My Elki version is 7.2 from December 4, cloned from here.
It's running with java version "1.8.0_144" on an Ubuntu 14.04 (cannot update that, it's a cluster).
Hope someone can have a look at this :).
Regards,
Bastian
EM7.tar.gz
EM8.tar.gz
absolute_counts_per_contig.csv.percentages_per_row.tar.gz
This is the intended and correct behavior in certain cases.
EM is a soft clustering algorithm. The mapping to discrete cluster assignments always loses information. If a point is 0.51 in cluster A, and 0.49 in cluster B, then cluster B can appear to be empty in a hard assignment, when it in fact explains .49% of the total distribution. You can set a flag to retain the soft assignment, but you'll need to handle this in your own code.

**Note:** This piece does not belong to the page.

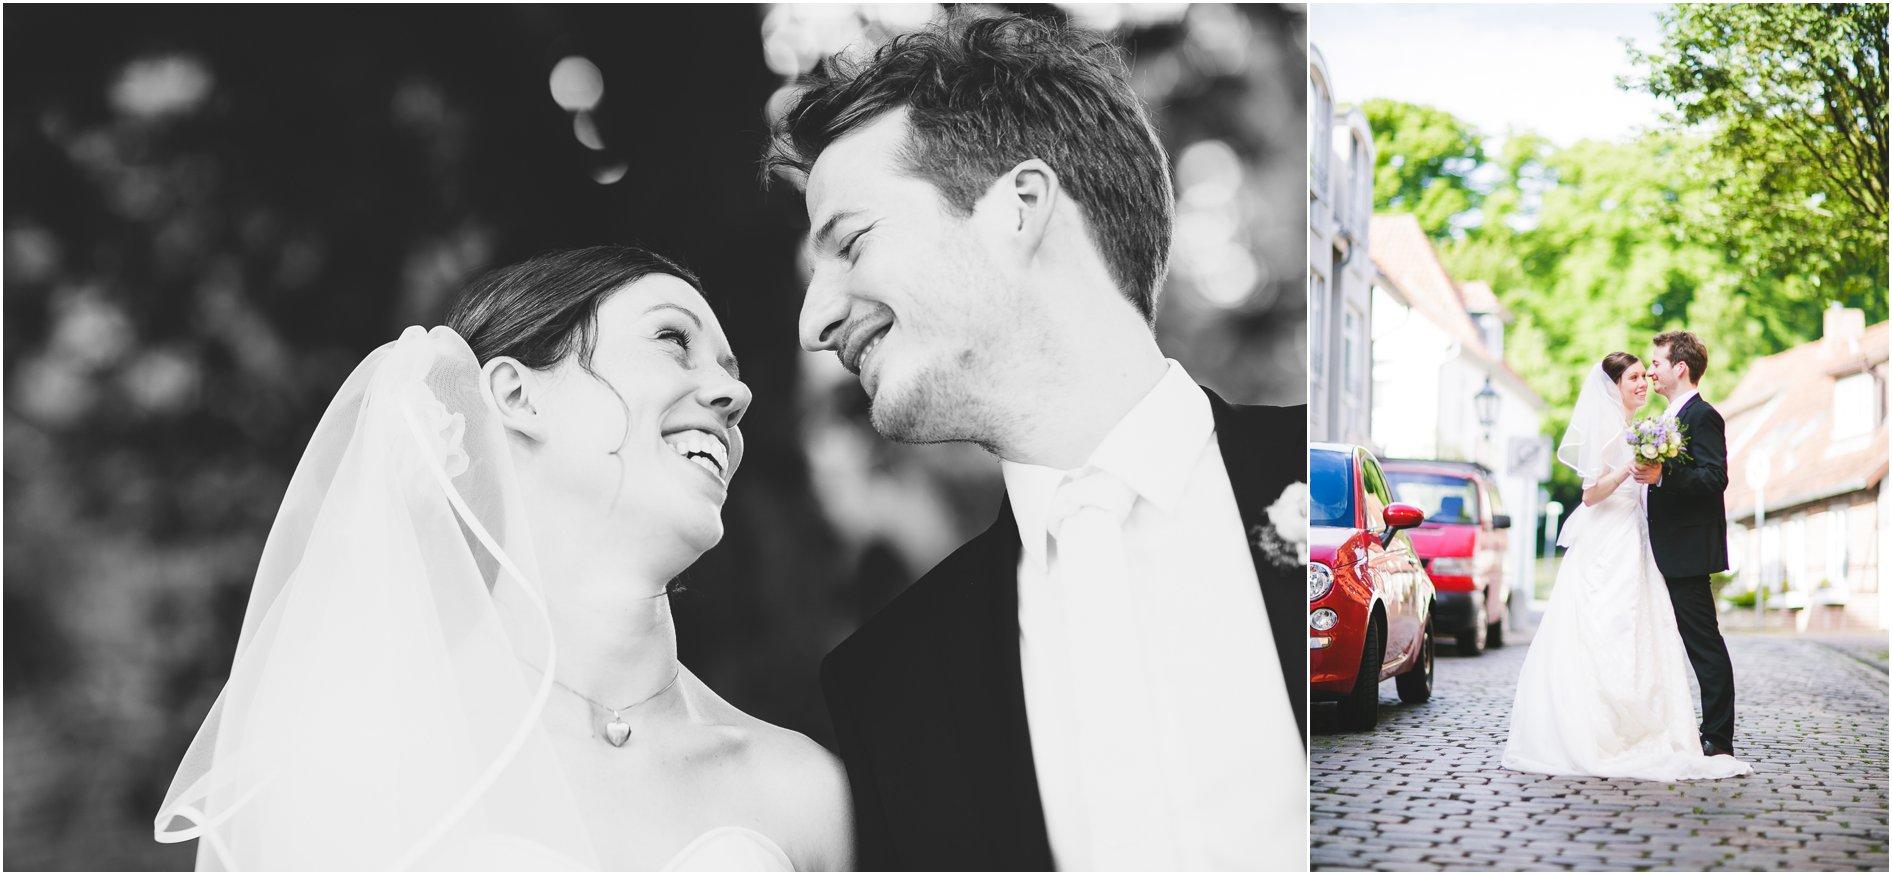 2014-08-07_0069 Wiebke und Marcio - Hochzeitsfotograf in Lüneburg

It is typical for EM to find one cluster with a low density and high variance if there is noise in the data. Because that is the only way to explain the background noise with a Gaussian model. If you have a lot of duplicates, the default initialization strategy may also be unable to separate these clusters, as they will always produce the exact same densities. K-means++ initialization will then work better.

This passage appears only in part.